Figures of Speech (Rhetorical Devices)
Figures of speech are linguistic tools that turn plain writing into art. They are words or phrases used in nonliteral, unexpected ways — for any of a hundred reasons, including
* emphasis
* elaboration
* dramatic effect
* tone (resonance, smoothness, softness, roughness…)
* clarity
* deliberate ambiguity
* shading
* freshness
* humor
Figures of speech are sometimes classified as schemes and tropes. There is, as you can see, a good deal of overlap between schemes and tropes.
Schemes
Figures of speech involving the arrangement (balance, order, repetition, or omission) of words or sounds
Balance
Standing on the corner, watching all the world go by;
Standing on the corner, giving all the girls the eye. (1)
Antithesis-Juxtaposition of opposing or contrasting ideas
When they met, Alice was pure uptown; Jake was down on his luck.
Word Order
Anastrophe-Departure from usual word order
[Death] dost with poison, war, and sickness dwell —John Donne (1572-1631), Holy Sonnet 10 (“Death, be not proud”)
Parenthesis — A clarifying word or phrase within a sentence, set off by commas, dashes, or parentheses
My friend, the writer I was so jealous of, would call and say, like some Southern belle, “I just don’t know why God is giving me so much money this year.” —Anne Lamott, Bird by Bird (2)
Four of the church’s elders — all women — …were having a prayer meeting. — Anne Lamott, Bird by Bird
Appositive — A parenthetical element that defines or renames (is in apposition to) an adjacent element (In the example below, the “something” that “glittered in her eyes” was “tears or old memories.”)

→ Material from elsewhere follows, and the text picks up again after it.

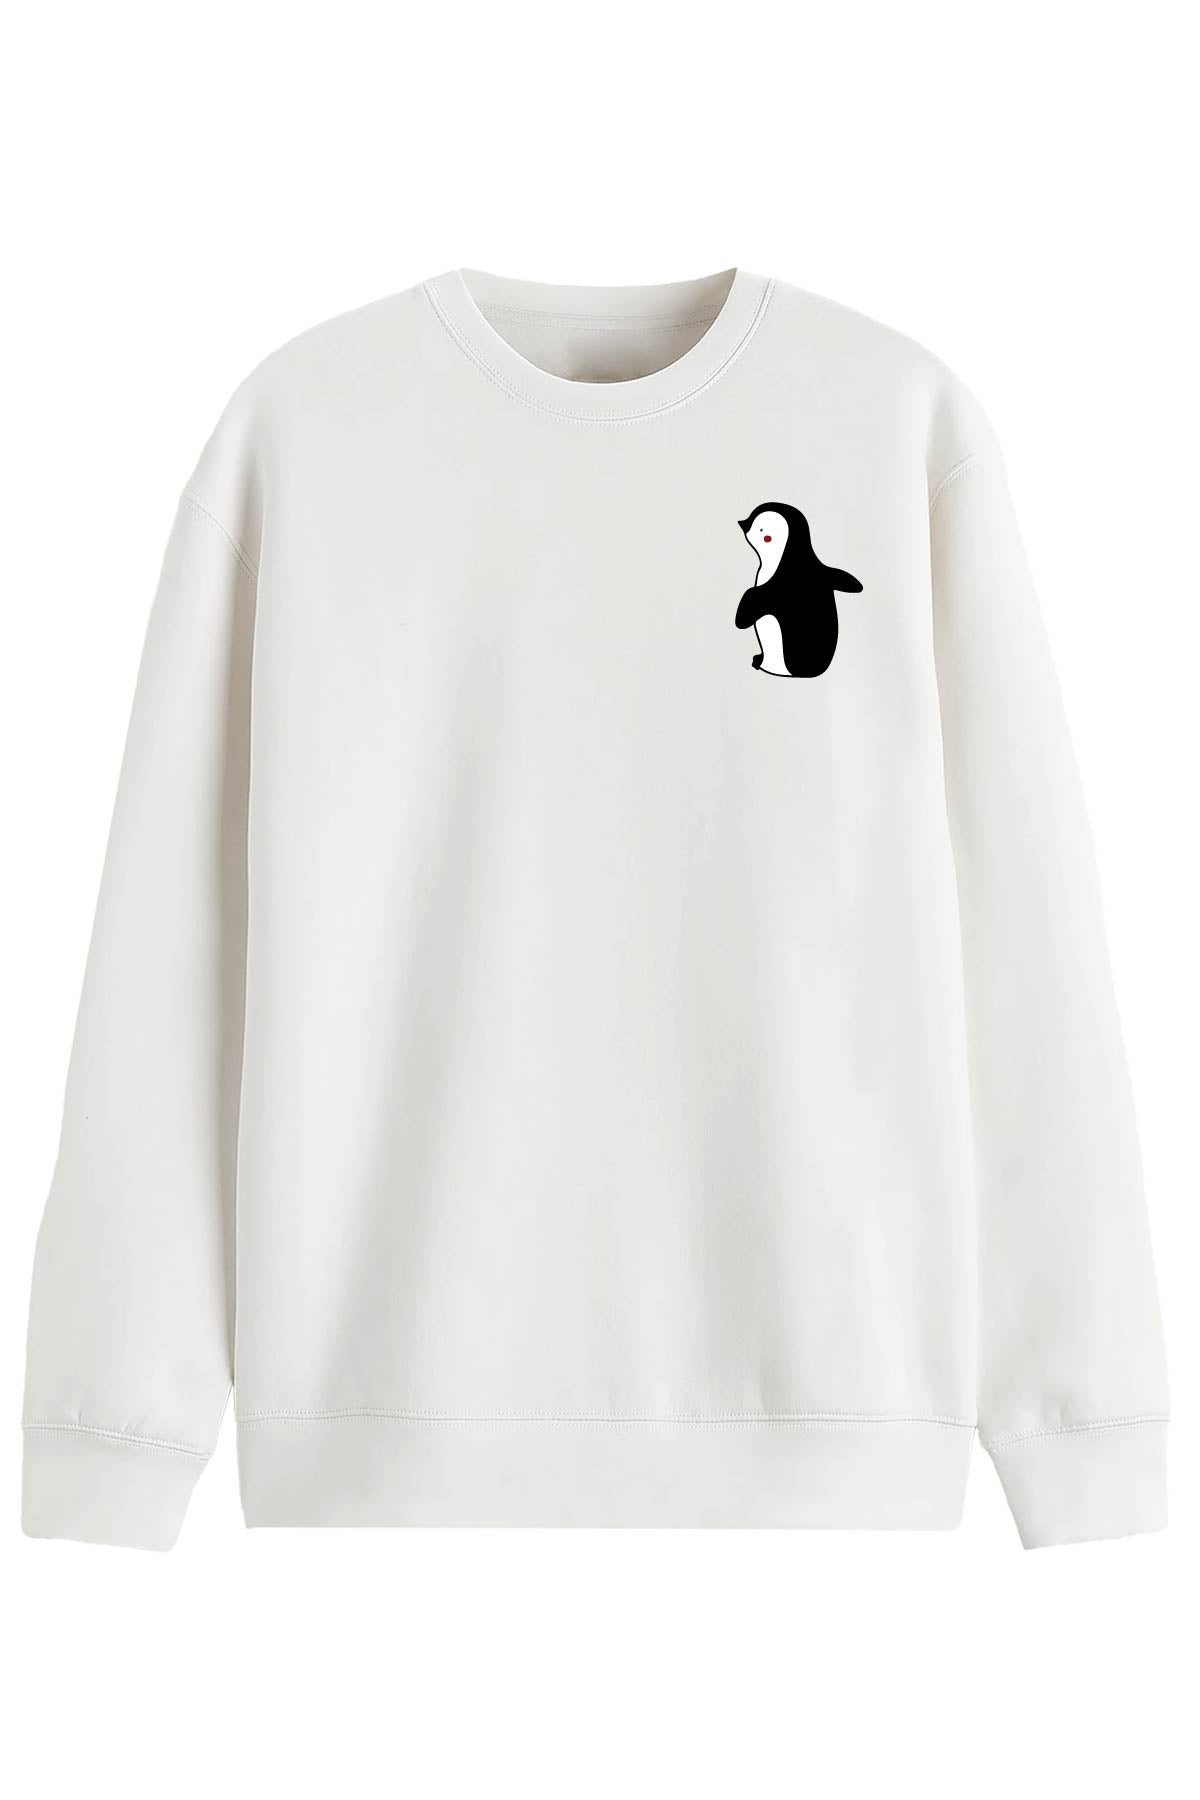 Penguin Love 2-  Sweatshirt

Something glittered in her eyes — tears or old memories…. — Nora Roberts, Genuine Lies
Omission
Ellipsis — Omission of words, usually indicated by … (At the end of a sentence, the period is added, as in the examples below.)
If she knew he was still dealing with Delrickio…. Well, he didn’t have to worry there. — Nora Roberts, Genuine Lies
Well, you know what they say: “When in Rome….”
Repetition
Alliteration — Repetition of the same beginning letter or sound for words in a series or in close proximity
Was he not unmistakably a little man? A creature of the petty rake-off, pocketed with a petty joke in private and denied with the stainless platitudes in his public utterances.” — C. S. Lewis, The Screwtape Letters
Assonance — Repetition of a vowel sound or similar vowel sounds
Those images that yet
Fresh images beget,
That dolphin-torn, that gong-tormented sea. — W. B. Yeats, “Sailing to Byzantium” (The poem opens with the words, “That is no country for old men,” from which American author Cormac McCarthy drew the title of his 2005 novel. The film adaptation 2007 film adaptation earned four Academy Awards, including Best Picture.
Anaphora — Beginning successive clauses or phrases with the same word or group of words
I am neither Christian nor Jew, neither Zoroastrian nor Muslim,
I am not from east or west, not from land or sea,
not from the shafts of nature nor from the spheres of the firmament,
not of the earth, not of water, not of air, not of fire. — Rumi
Epistrophe — The same word or phrase used to end consecutive clauses. (The following example illustrates both anaphora [“They compassed me about”] and epistrophe.)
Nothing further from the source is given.